Multi-Object Tracking Radar (SDSC-SHAR)
ISRO used the capabilities of AI to build a space object tracking solution that will be proficient in the successful sustenance of satellites through the difficult terrain of open space with millions of unknown objects. ISRO first developed target identification using machine learning algorithms from MOTR radar data. It then moved on to the development of real-time JPDA & MHT-based data association in dense multi-target tracking environments.
Image Processing and Pattern Recognition (IIRS)
ISRO leveraged an algorithm called backpropagation belonging to the class named Artificial Neural networks (ANN) of machine learning algorithms. It also explored different deep learning algorithms for various applications of earth observation data such as self-learning-based classification, prediction, multi-sensor temporal data in crop/forest species identification, and remote sensing time series data analysis.
Autonomously Navigating Robot for Space Mission
ISRO leveraged artificial intelligence enabled Path Navigation algorithms to build and send unmanned robots to help fetch critical space information. It was developed by the ISRO Inertial Systems Unit (IISU) which is responsible for the design and development of inertial systems for launch vehicles and spacecraft programs of ISRO.

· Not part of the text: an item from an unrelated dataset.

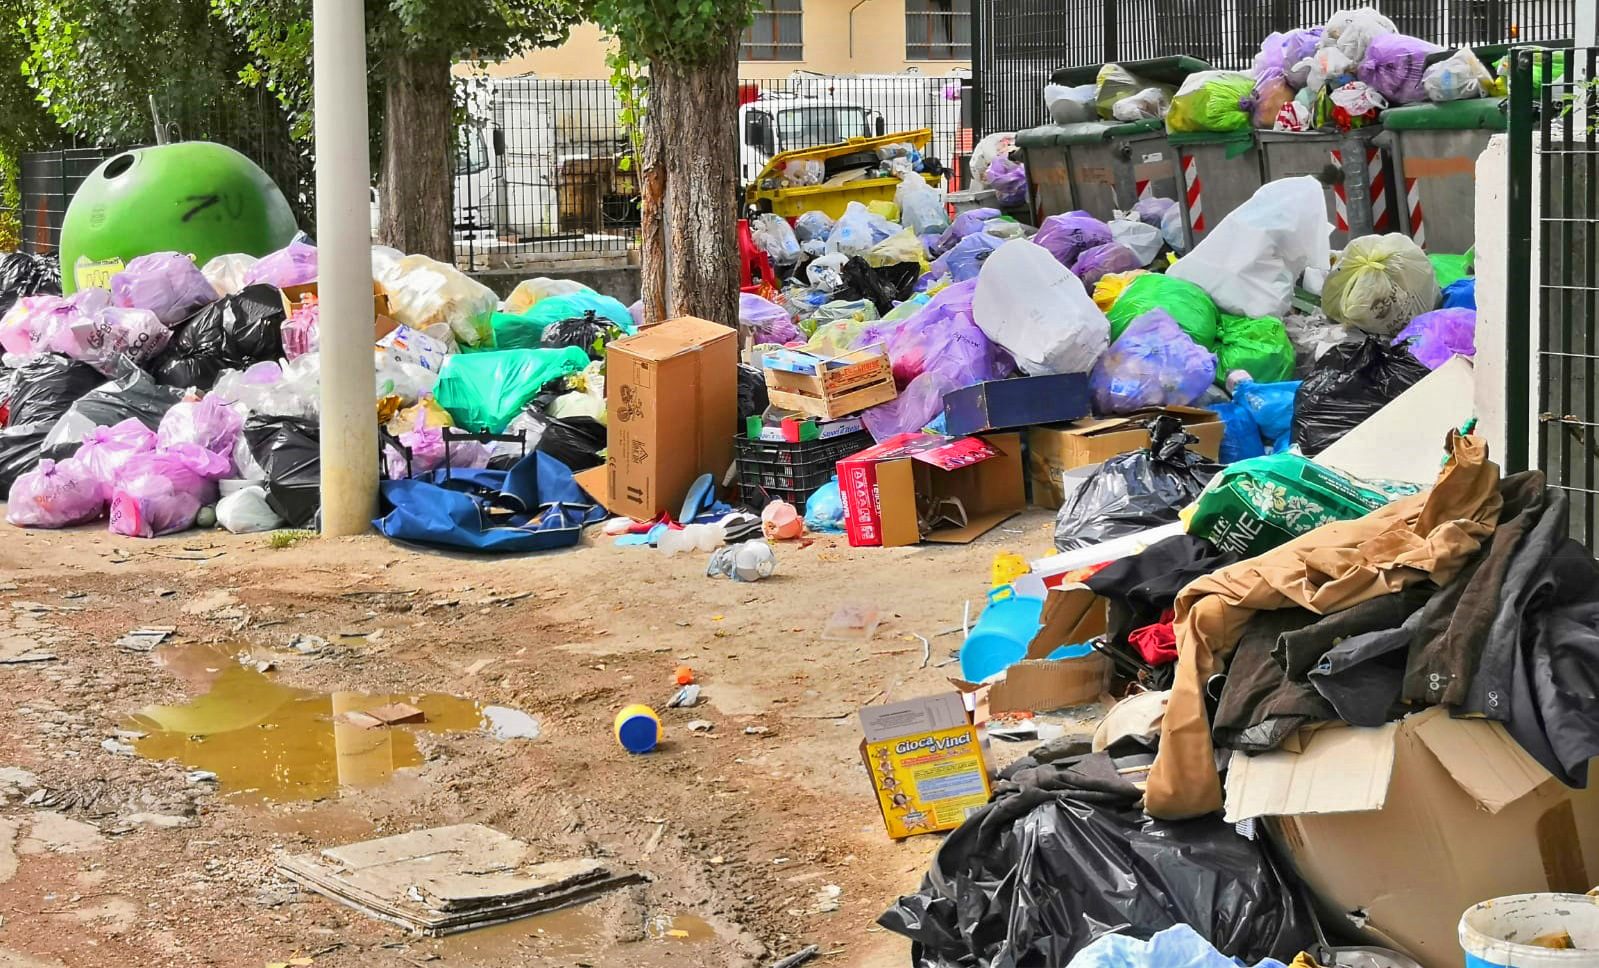 Segen SPA » TAGLIACOZZO – Montagna di rifiuti abbandonati nel centro  raccolta Segen da centinaia di persone incivil

Use Cases of AI in Space Exploration around the world
Development of Advanced Learning Algorithms by NASA
NASA has been collaborating with tech giants like Google, Intel, and IBM to develop advanced learning algorithms for their projects. They are primarily using AI and ML to facilitate auto-corrections, track complex structures inside solar winds, and facilitate the replacement of multiple filters fitted on payloads for observations which considerably reduces their mission’s cost.
Curiosity Rover Developed by NASA
In 2016, NASA sent an autonomous system to Mars named Curiosity rover, to explore the Gail crater. It used an AI arrangement called AEGIS (Autonomous Exploration for Gathering Increased Science) system. By helping to zap dozens of laser targets on the Red Planet, it inherently changed how Mars is studied. AEGIS was also used as part of the Mars 2020 mission for autonomous target selection, identifying geological targets in images from the rover’s navigation camera and choosing targets for itself without the permission of Earth. This led to a time reduction during the mission as both parties, the robot and Earth, did not have to wait for mutual action.
Development of Twin Earth by ESA
The European Space Agency (ESA) is developing an AI-powered digital twin of Earth to better monitor, predict, and respond to human and natural events, including challenges such as earthquakes and biodiversity loss. This technology promises to enhance socioeconomic conditions, such as monitoring the dynamics of urban sprawl, helping farmers to optimize productivity. Additionally, it also aims to address environmental issues, such as deforestation and desertification. Security and peace related applications include targeted humanitarian assistance, counter human trafficking capabilities, and war crime detection.
Encapsulating, AI and ML are rigorously being tested and utilized for the purpose of space exploration. This is attributed to the fact that AI techniques increase the levels of autonomy and automation and allow for a wider variety of space missions while being critical to their success. AI-assisted space exploration systems offer enhanced communication with ground operators to provide frequent human monitoring which potentially avoid hazardous situations. This also explains the multifold applications for AI during Space exploration including designing and planning of mission, data collection and analysis, autonomous navigation and mitigation of risks associated with human health during space flight to list a few. Thus, it is safe to say that AI has a vast future to explore in outer space.